In the Total Joint Center
Your recovery and rehabilitation begins on our fourth floor surgical unit, known as the Total Joint Center. You'll be in a private room and will see your surgeon, hospitalist (a hospital-based physician), nurses and physical therapists throughout your stay. Our dedicated physical therapists work closely with you, providing education and exercises to help you return to an active life. Case managers assist you and your family as you get ready to go home.
What's the key to success for your joint replacement? Rehabilitation and physical therapy. While you're an inpatient at the Total Joint Center, you benefit from both individual and group physical therapy sessions.
Physical therapy and exercise are important before and after your time in the hospital. Your Joint Replacement Guidebook identifies preoperative exercises, goals and activity guidelines. The Total Joint Center's physical therapy team chooses these activities to help you become as fit as possible before your total joint replacement. Although exercise before your joint replacement surgery may be difficult–and you should stop if it becomes too painful–the effort will make for a much easier recovery.

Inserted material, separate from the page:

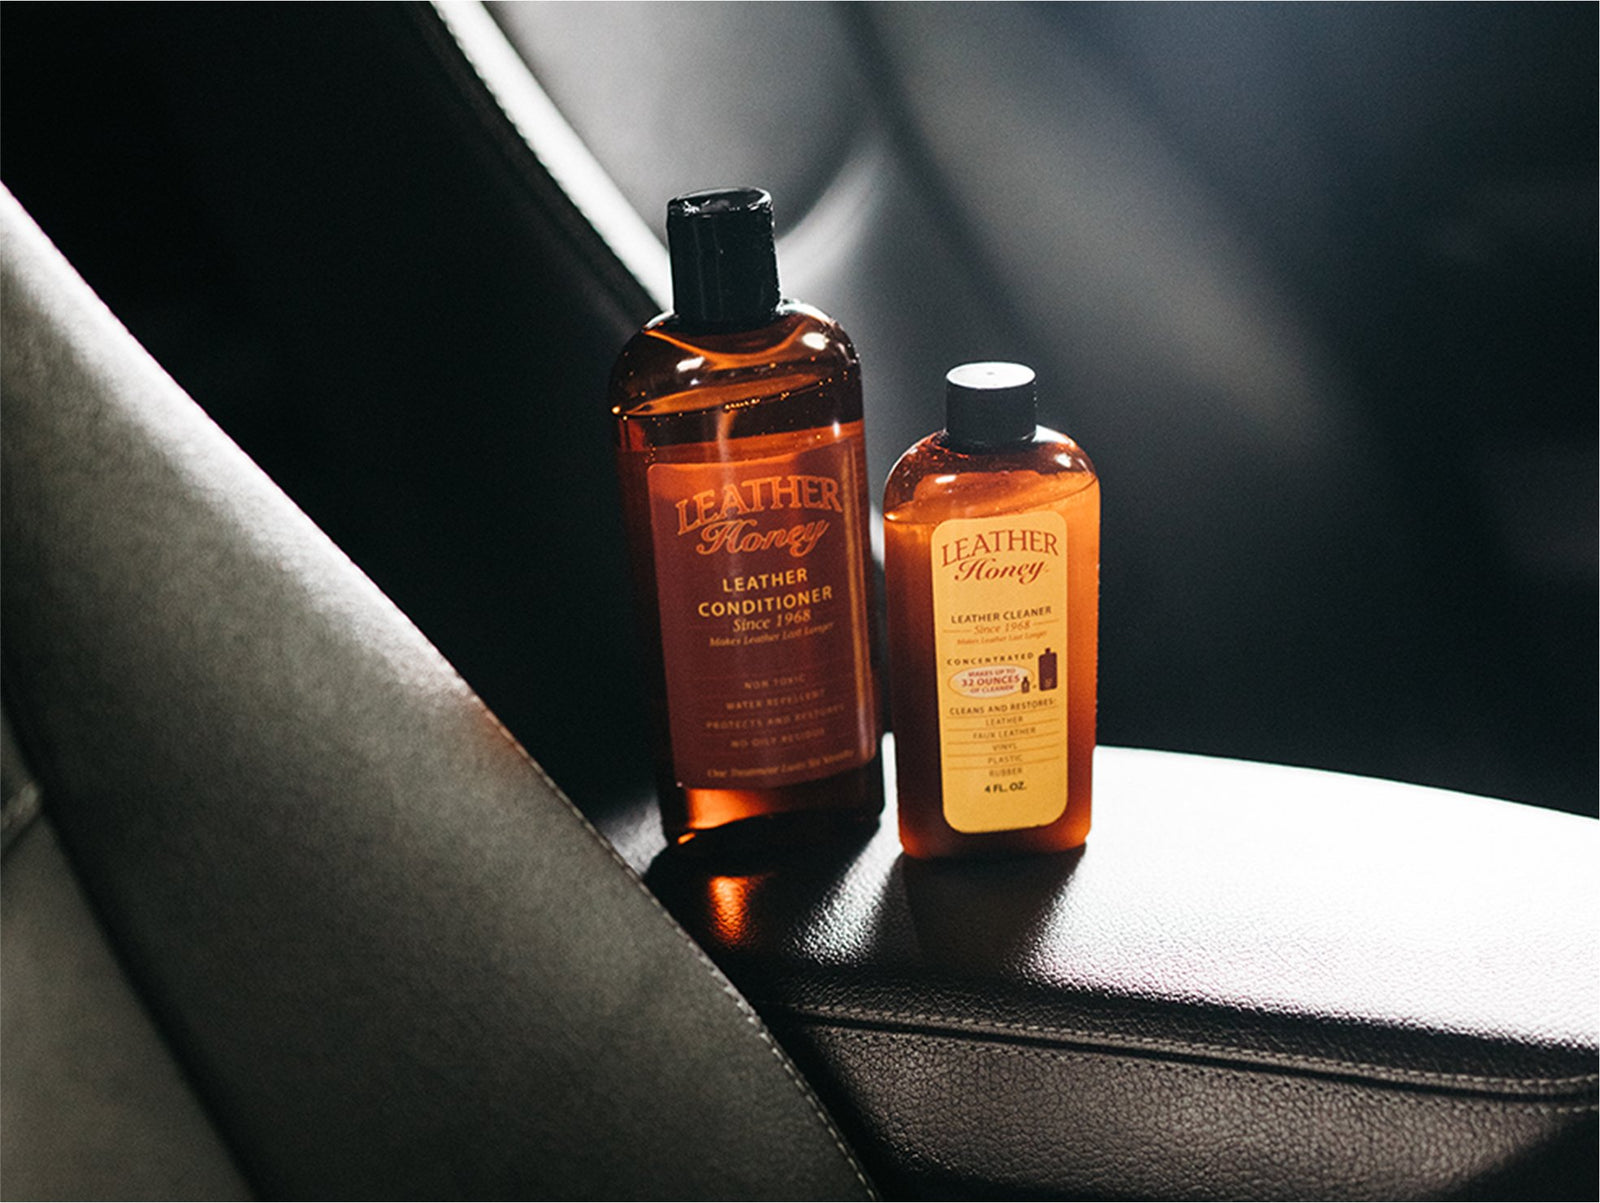 Car Leather Cleaner and Conditioner

Recommended exercises focus on arm strengthening, since you will rely on your arms for many daily activities as you recover from surgery. Beyond completing exercises at home, we suggest joining Reston Therapy & Fitness, located on the Reston Hospital campus, which offers preoperative medically supervised fitness training and pre- and postoperative physical therapy. After completing physical therapy, many patients continue to take advantage of the services provided at Reston Therapy & Fitness.
More than 600,000 patients undergo successful joint replacement surgery in the United States every year. For the majority, the new joint will last the rest of their lives, depending on weight, activity level and age.

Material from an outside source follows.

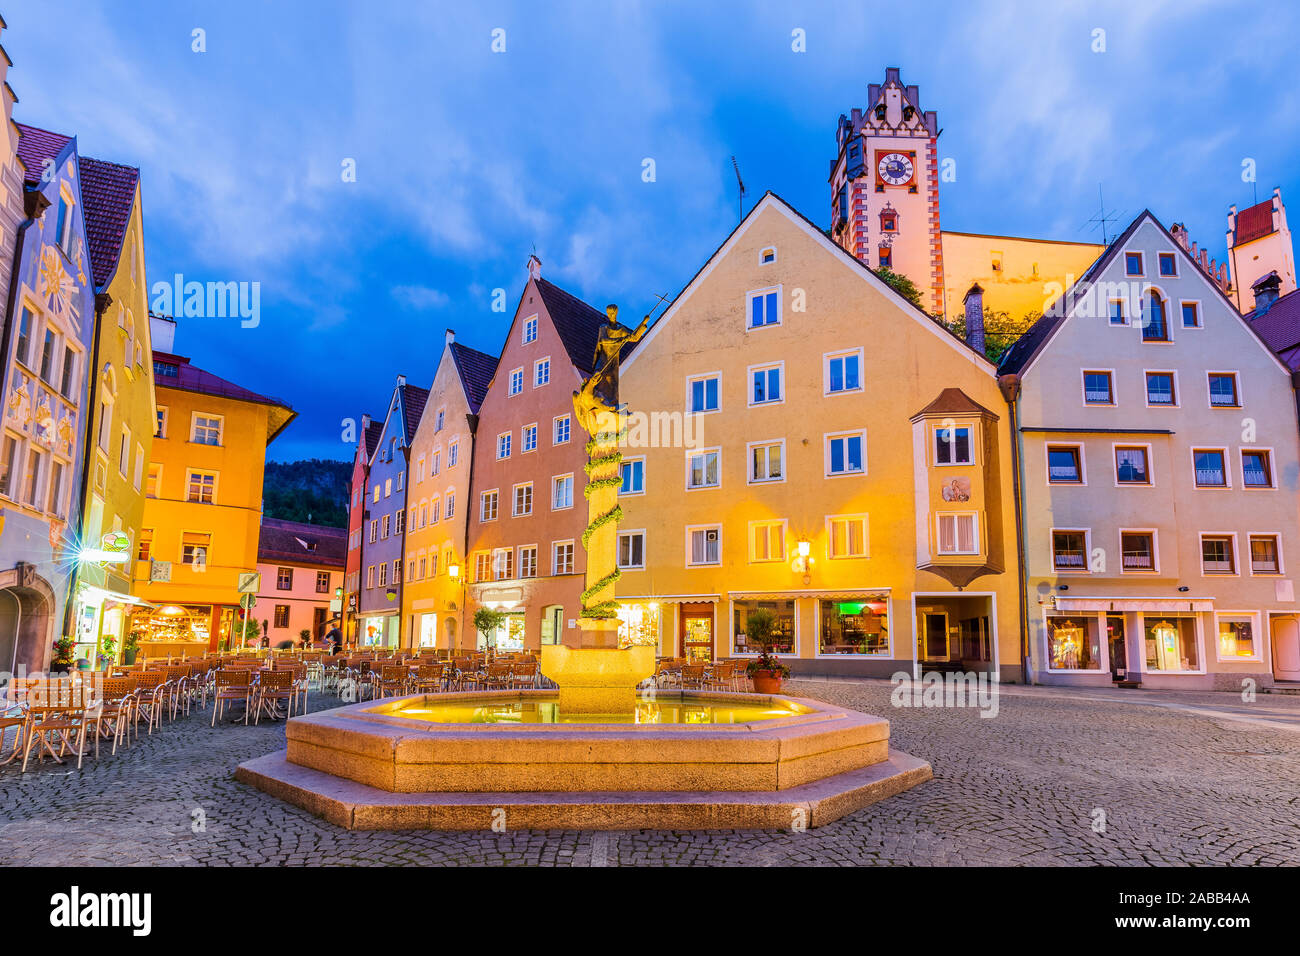 Fussen, Germany. Old townscape at twilight. Stock Photo

As with any surgical procedure, joint replacement surgery comes with certain risks. While complications are rare and extensive measures are taken to minimize risk and to be aware of potential problems, including:
- Infection – Infections may occur in the hospital or after you go home. Areas in the wound or around the new joint are at a higher risk. To minimize the risk of infection, you'll receive antibiotics before and after surgery. Reston Hospital enforces strict infection control policies and procedures in every patient care area. Your patient care team also ensures that the operating site is sterile, all instruments have been sterilized and the number of operating personnel entering and leaving the operating room is limited.
- Blood Clots – Blood that moves too slowly may form clots (lumps). To help prevent clotting, you may be given medication, special stockings to wear and instruction about exercises you can perform.
- Pain/Stiffness/Swelling – After surgery, you may experience some stiffness and swelling. As you move your new joint and your muscles strengthen, pain will lessen and your flexibility will increase.
- Other Risks – Rare but possible risks include implant loosening or dislocation and damage to nerves or blood vessels.
Your surgeon will discuss these and other risks with you and answer your questions. After you've discussed the operation thoroughly with your surgeon, you'll be asked to sign a consent form, confirming you understand the risks and complications associated with joint replacement surgery.